5. The method for cleaning the underlying data according to claim 1, wherein the acquiring of the underlying data to be cleaned specifically comprises:

acquiring initial bottom layer data, performing dimension reduction processing on the initial bottom layer data, generating and acquiring the bottom layer data to be cleaned; the acquiring of the initial bottom layer data specifically includes:

acquiring and obtaining the initial bottom layer data based on a Hadoop technology; wherein the initial underlying data comprises: four remote data, platen data, fixed value data, alarm data, fault signals and action event data.

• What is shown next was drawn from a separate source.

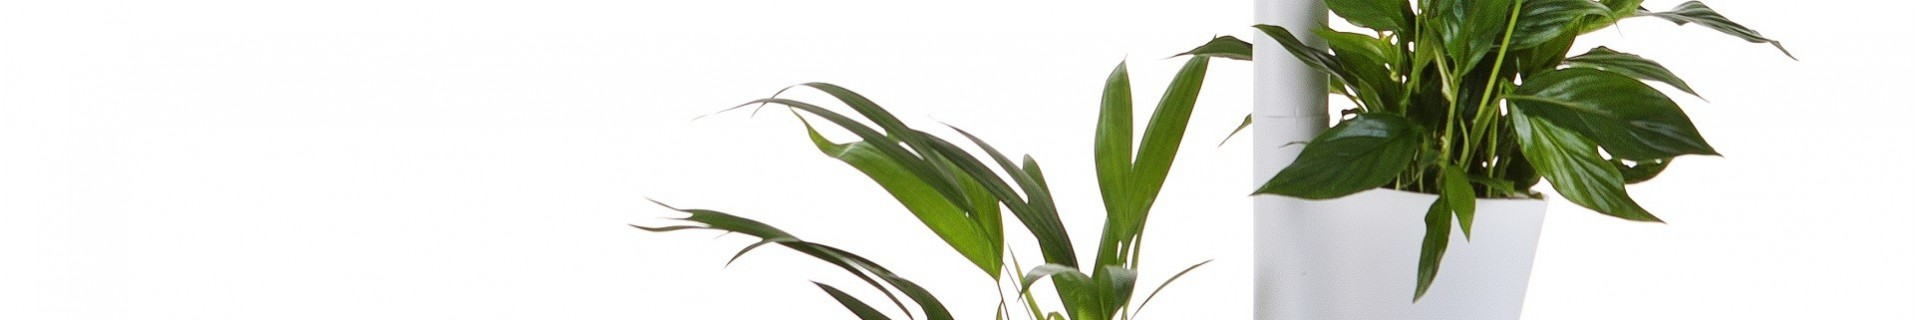 Packs avec plantes

6. The method of claim 5, further comprising:

7. An underlying data cleaning apparatus, comprising: the device comprises a first calculation module, a second calculation module and a cleaning module;

the first calculation module is used for calculating Euclidean distances between a plurality of objects and a plurality of initial clustering centers in the bottom data to be cleaned through a K-Means clustering algorithm in a MapReduce model after the bottom data to be cleaned is obtained; wherein the initial clustering center is calculated by the K-Means clustering algorithm;

the second calculation module is used for carrying out classification and sorting according to the Euclidean distance through the MapReduce model and carrying out iterative calculation according to a sorting result to obtain a final aggregation clustering center;

the cleaning module is used for determining the final category of the bottom layer data to be cleaned according to the final aggregation clustering center, and processing the abnormal value of the bottom layer data to be cleaned according to the final category to obtain an abnormal value processing result; and finishing the data cleaning of the bottom layer data to be cleaned after performing integrity repair operation according to the abnormal value processing result.

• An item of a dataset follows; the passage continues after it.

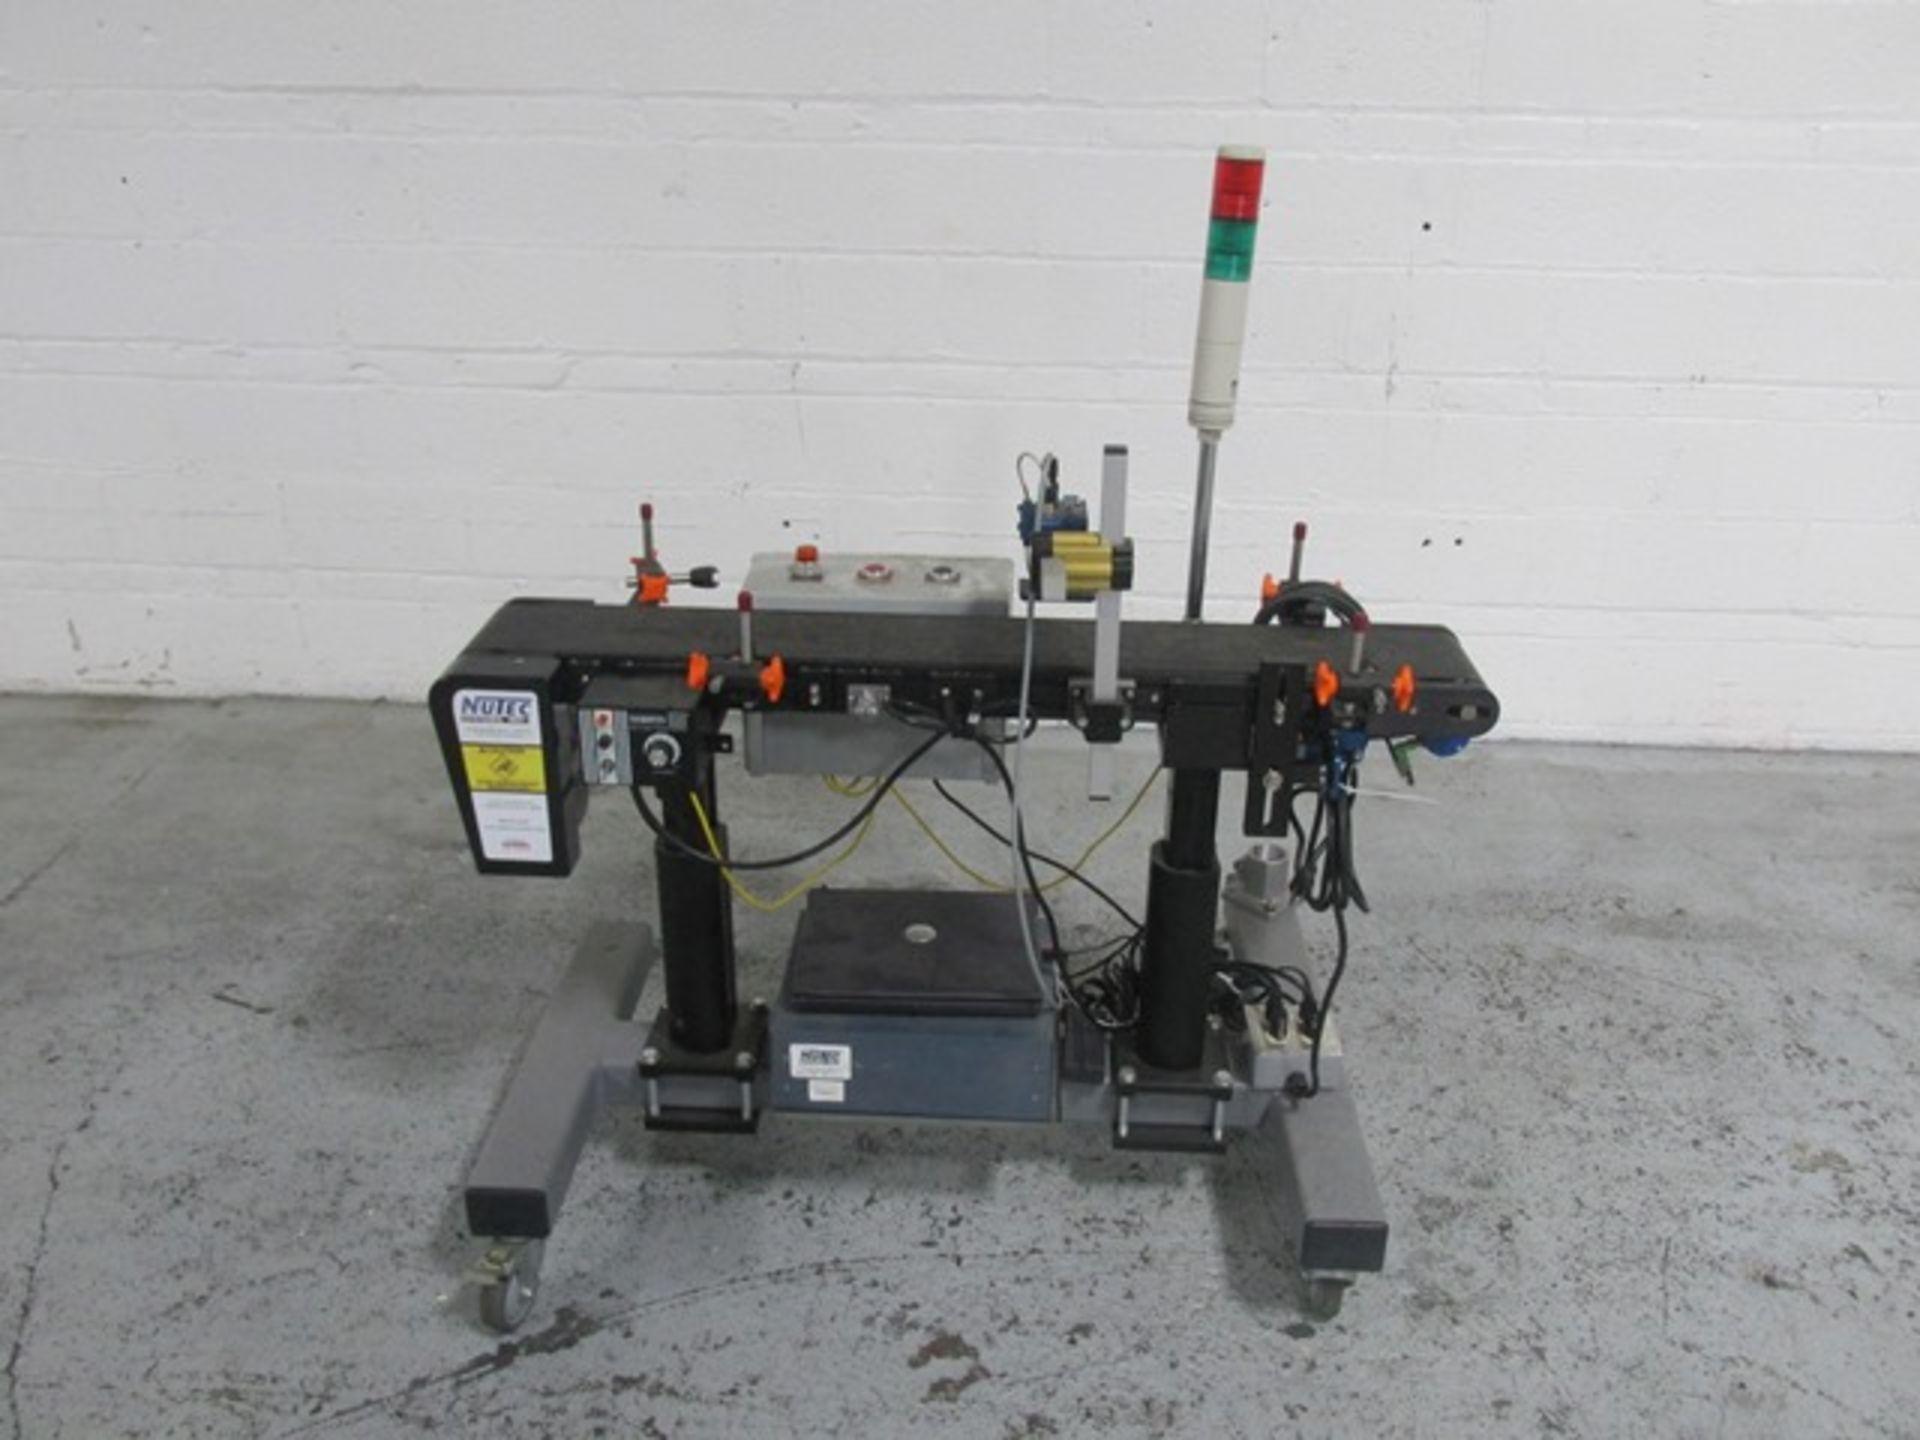 "Lot 23 - Nutech box printer, model RT-1000, with 6"" wide x 48"" belt conveyor, printer head, serial# 05004."

8. The bottom-layer data cleaning apparatus of claim 7, wherein the initial clustering center is calculated by a K-Means clustering algorithm, specifically:

9. A mobile terminal comprising a processor and a memory, the memory storing computer readable program code, the processor implementing the steps of a method for scrubbing underlying data as claimed in any one of claims 1 to 6 when the computer readable program code is executed by the processor.

10. A storage medium storing computer readable program code which when executed performs the steps of a method of cleaning underlying data as claimed in any one of claims 1 to 6.